>>>

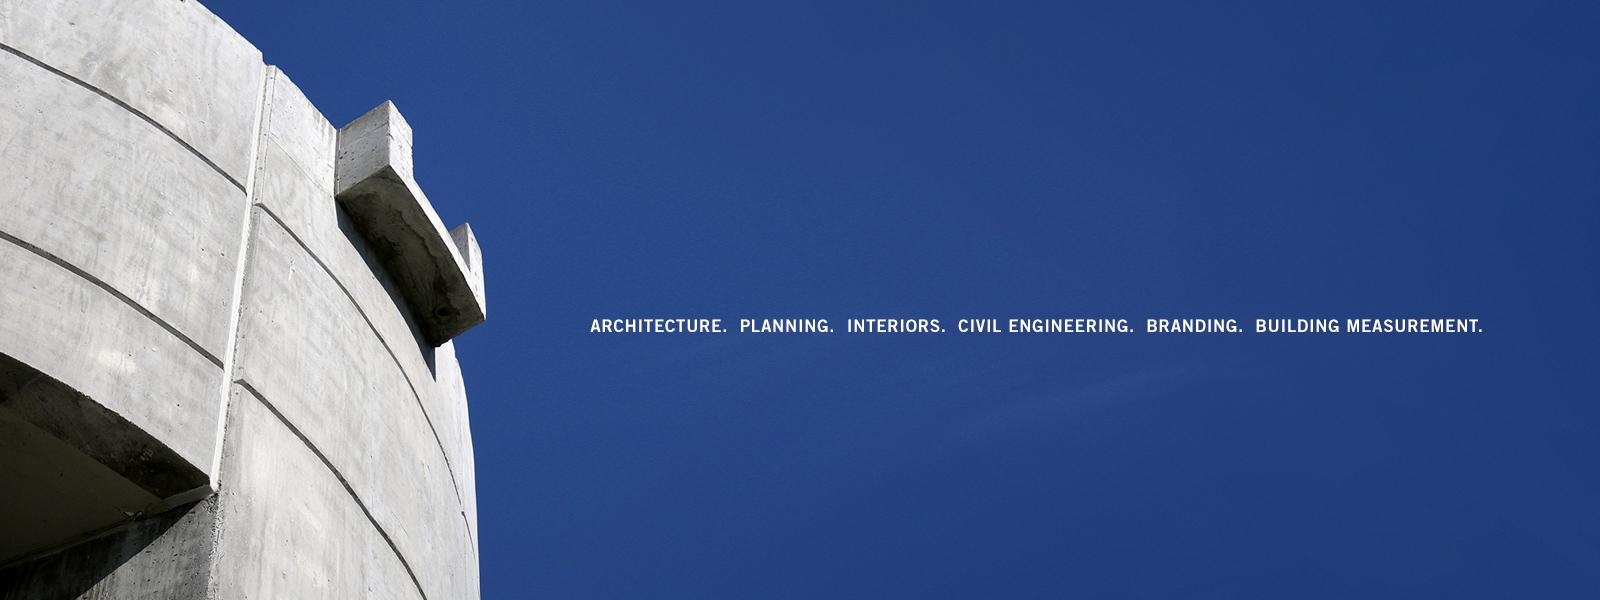 Architecture.  Planning.  Interiors.  Civil engineering.  Branding.  Building measurement
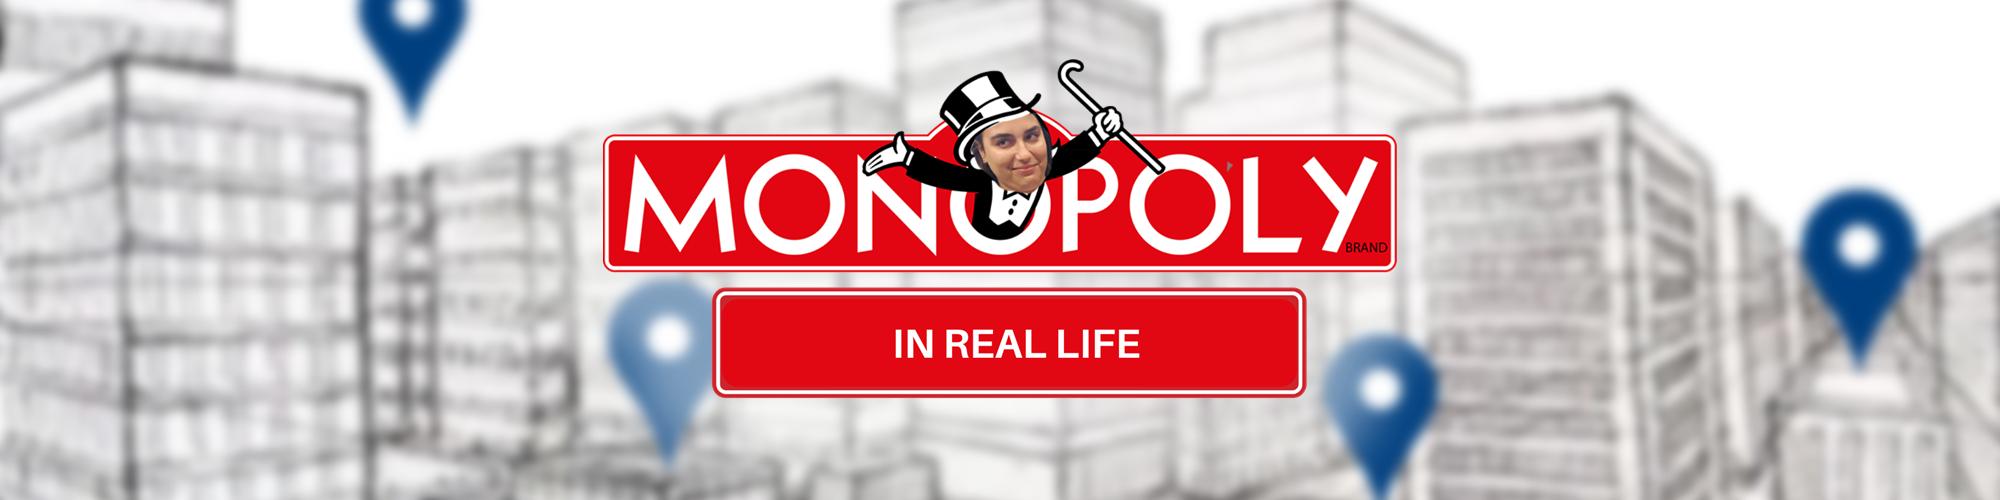 Real-Life Monopoly
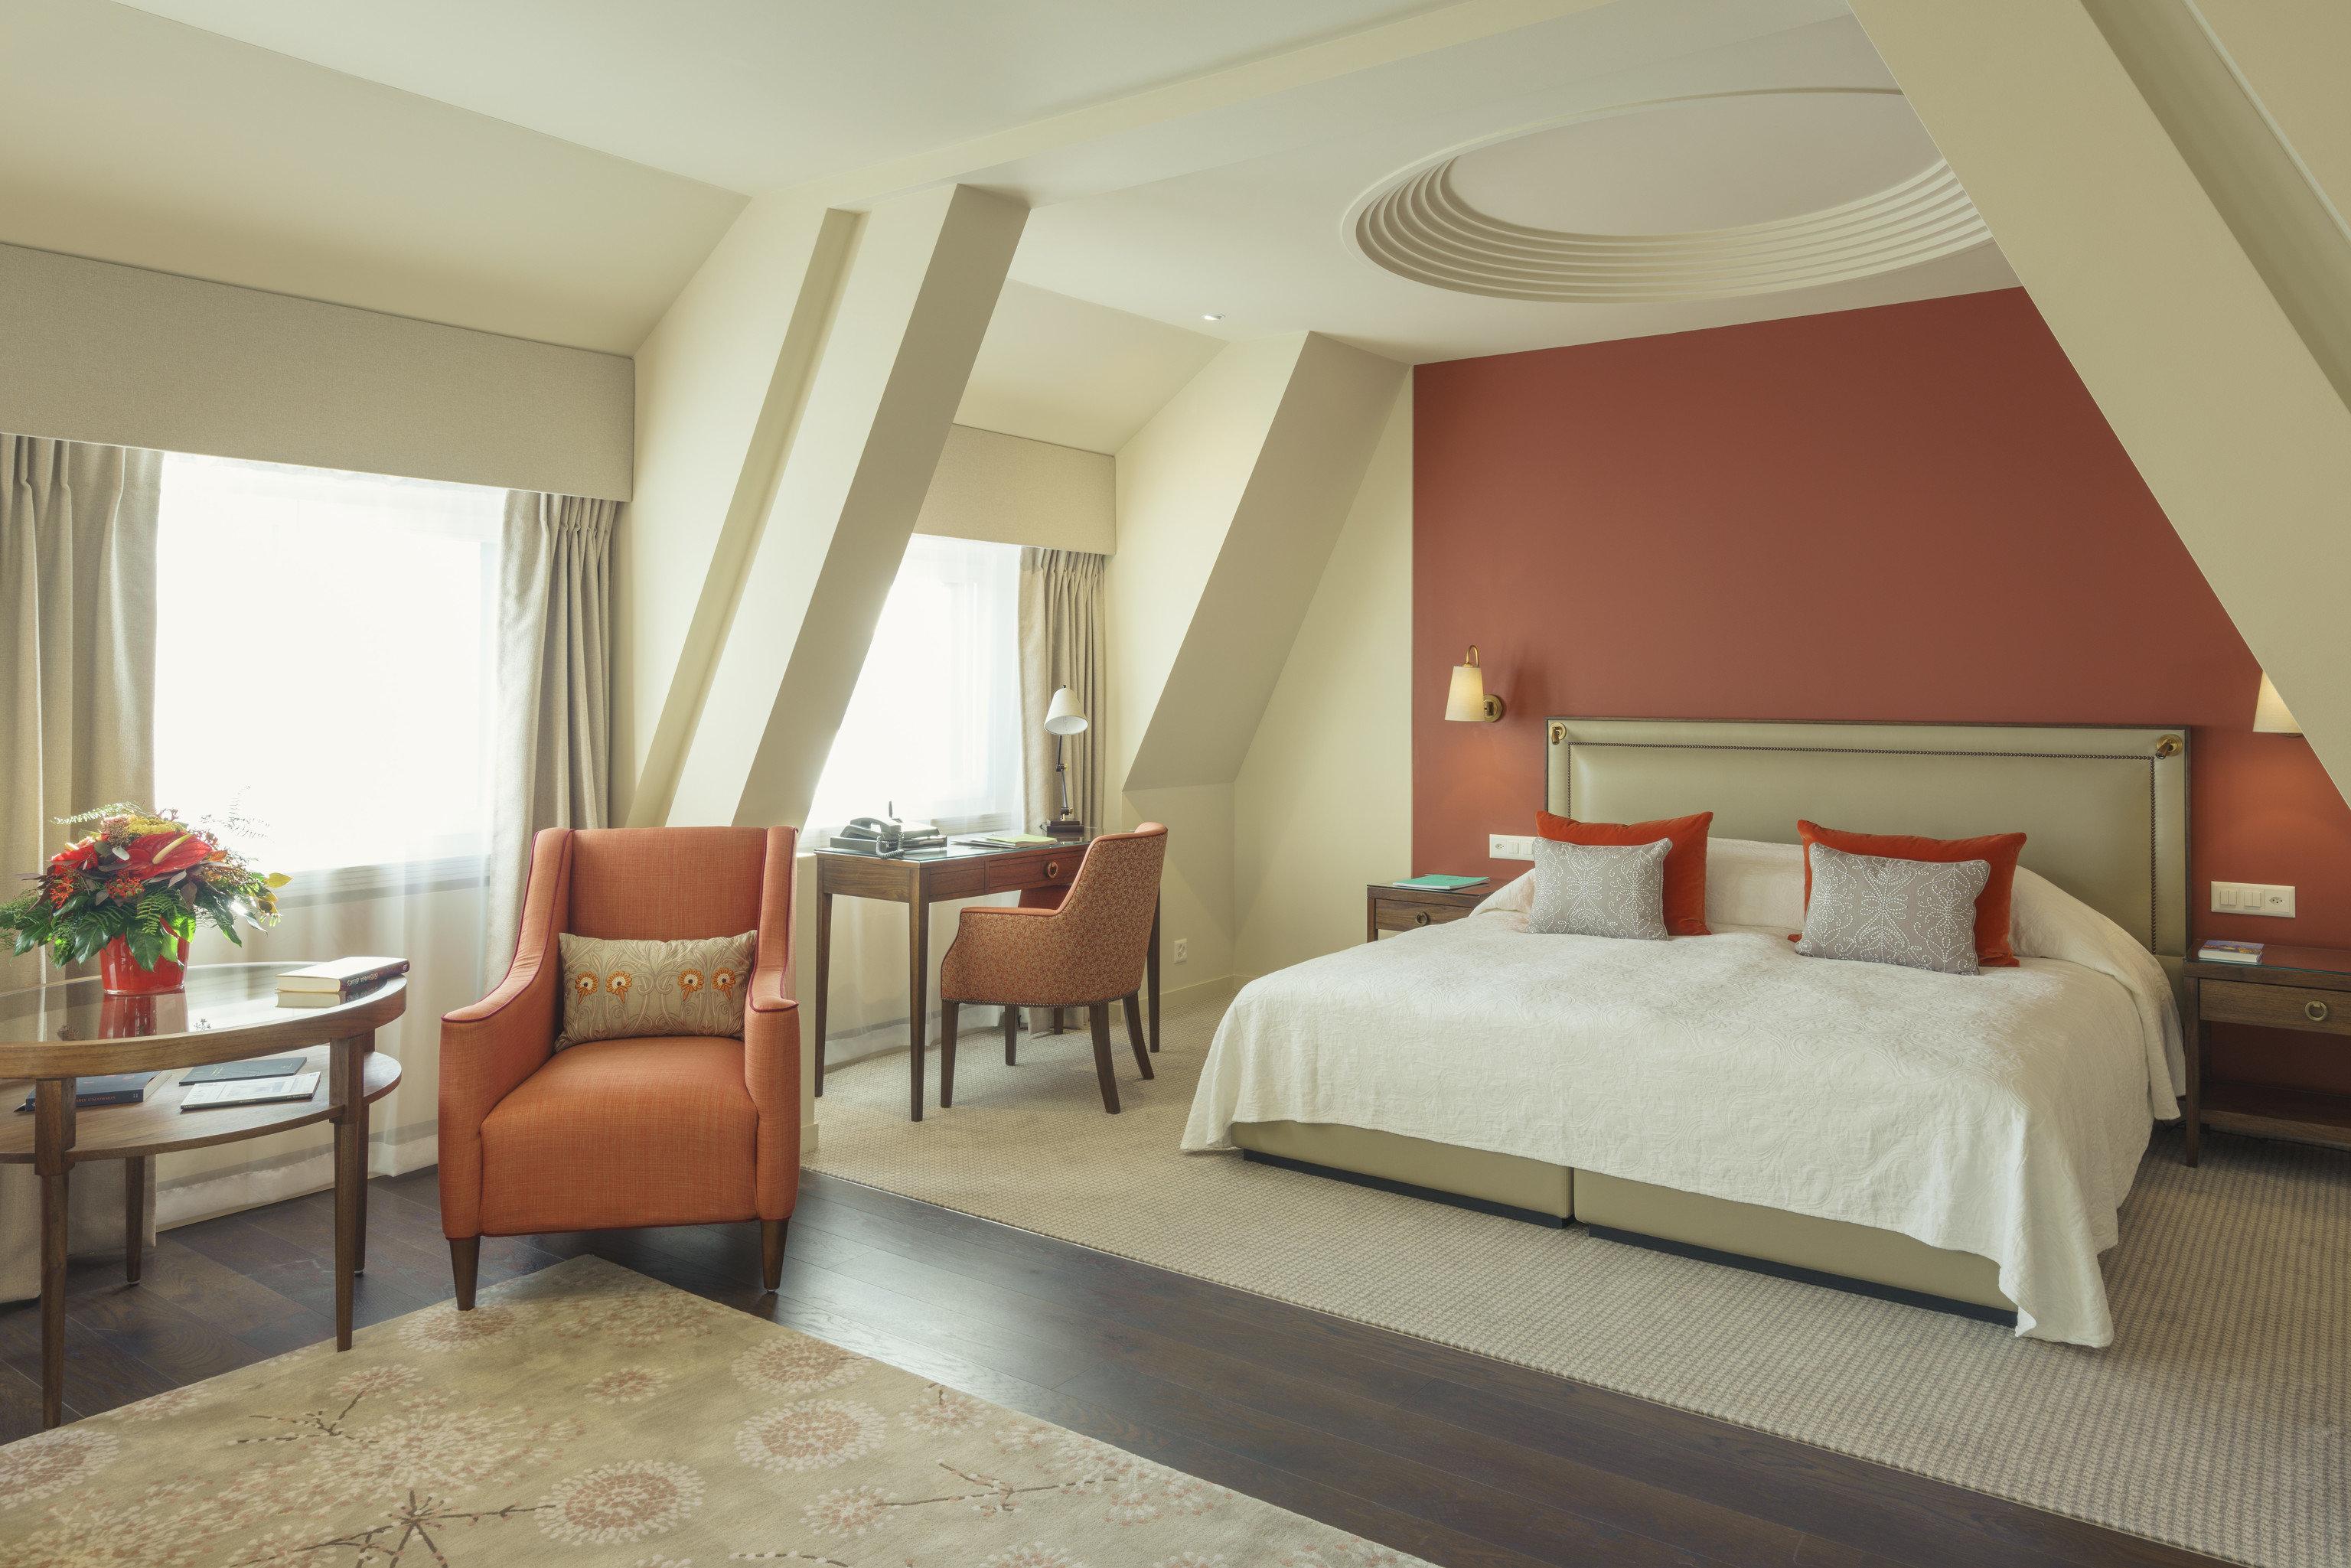 Bedroom Suite bed frame window treatment interior designer flooring

<<<

INSTRUCTIONS FOR THE TASK: Repeat each line of the material exactly, and drop any image it carries.

REPLY:
 Architecture.  Planning.  Interiors.  Civil engineering.  Branding.  Building measurement
 Real-Life Monopoly
 Bedroom Suite bed frame window treatment interior designer flooring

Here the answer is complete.